Okay, so I know ReiserFS was never meant to handle the mammoth files I've been throwing at it, but I was shocked at the performance difference between 3.6 and 4. These graphs show it all...

Anyway, so far XFS is the leading contender to replace my giant file array, and I'll keep ReiserFS 3.6 on my main array.

And I'm currently benchmarking ext2, ext3, Reiser3.6, Reiser4, JFS, XFS, and VFAT  :Twisted Evil:  on various stripe-sized arrays. This detailed report will be available likely in a week or two.

----------

## R!tman

Thank you very much. Maybe you can also use different chunk sizes und block sizes  :Smile: .

I am especially looking forward to that, because I habe just created a raid 5 with a very frustrating performance.

----------

## yottabit

Unfortunately, at the current time, Reiser4 only support 4 KB blocksize. But yes, I will be showing different stripe/chunk sizes in my tests.

With preliminary results I can safely say that if you're a regular user, ReiserFS 3.6 is a great choice. If you need to store huge files (512 MB or greater) I'd suggest XFS or JFS (ext2/3 isn't too bad either).

I've also had some issues with Reiser4 causing kernel panic under this stressed load, and also refusing to unmount.  :Smile:  It's Beta... so don't judge until it's Final I guess.

----------

## R!tman

Oh, I almost forgot the link you posted. This looks really strange. 

Reiser4 is not THAT slow. I have it installed on my x86 machine. It performs quite well, at least not worse that reiserfs. 

I am even considering using it on my new amd64 machine, the one with the slow raid5.

[edit]

Here is the link to the "slow raid problem":https://forums.gentoo.org/viewtopic-t-306345-highlight-.html

[/edit]

----------

## yottabit

Keep in the filesizes being shown in the graphs.
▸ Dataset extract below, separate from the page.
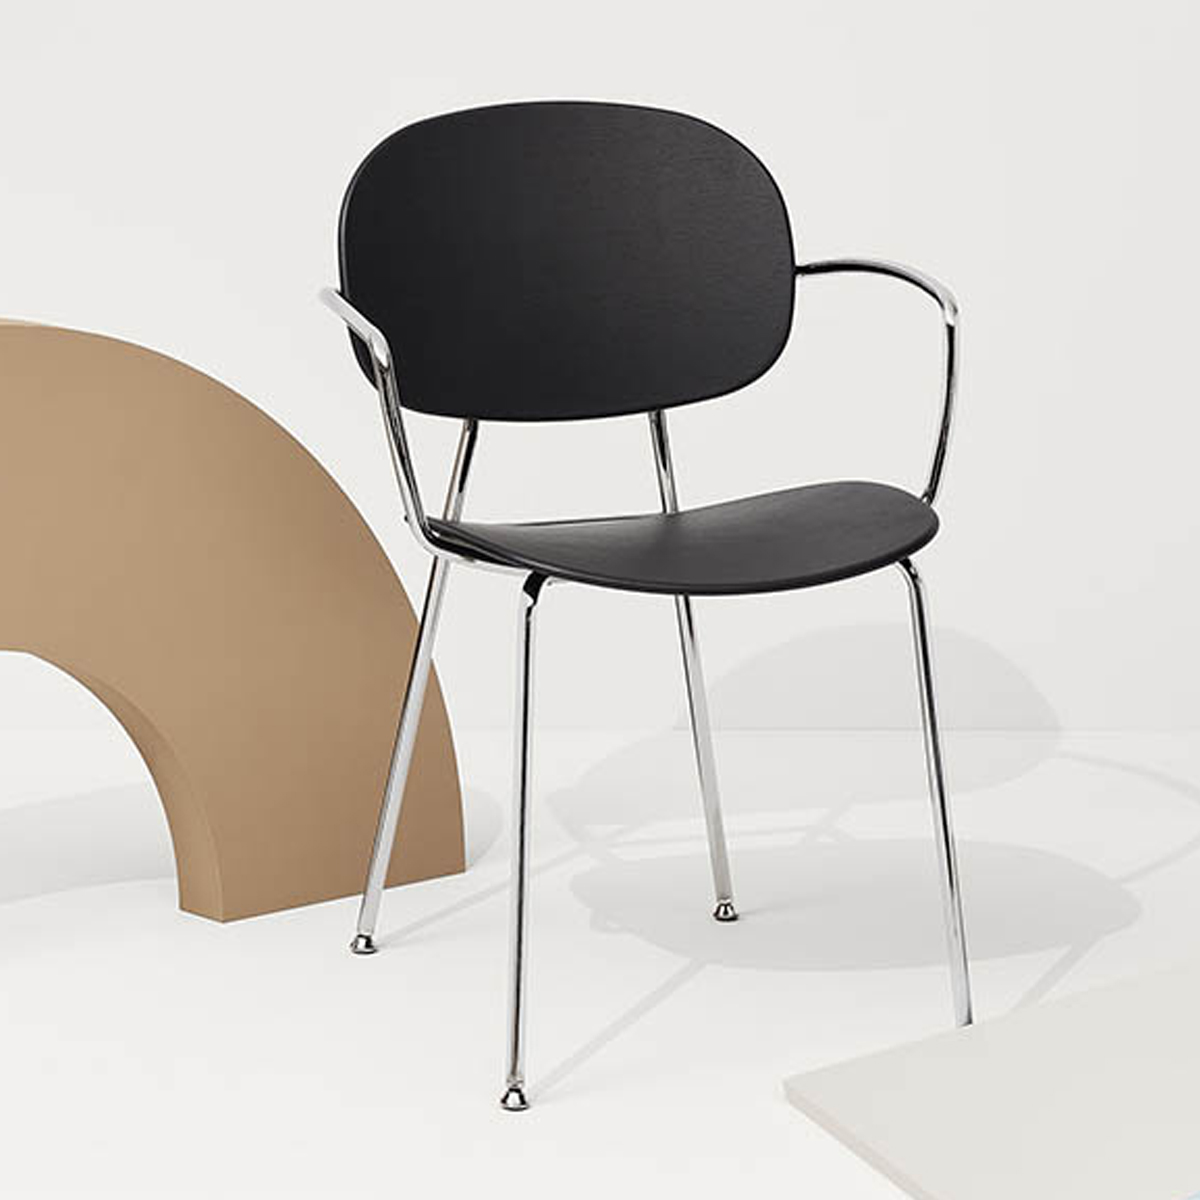 Houten design stoel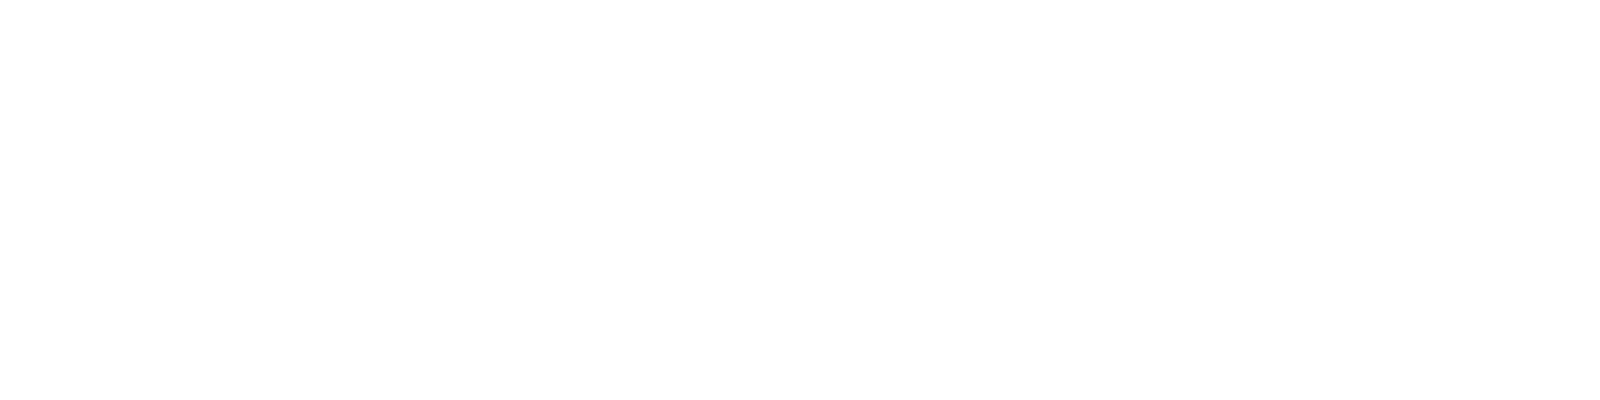 Insider video series logo

For my purposes I'm testing against mammoth files. For normal and small files I'm sure Reiser4 would be an improvement over Reiser3.6, otherwise what would be the point?

The whole point in my creating that graph is because I've been using Reiser3.6 for a long time because the benefits of the super efficient handling of small and normal files far outweighed the slight less performance of the handling of mammoth files (compared to XFS & JFS at least). However, by the looks of Reiser4, if I want to stay with the "latest" Reiser4 I'll have to segregate my mammoth files to a separate filesystem.

That's all.

----------

## R!tman

 *yottabit wrote:*   

> However, by the looks of Reiser4, if I want to stay with the "latest" Reiser4 I'll have to segregate my mammoth files to a separate filesystem.

 

With these stats, of course  :Smile: . I just didn't think it was that bad. 

But, as you already said: It's beta!

----------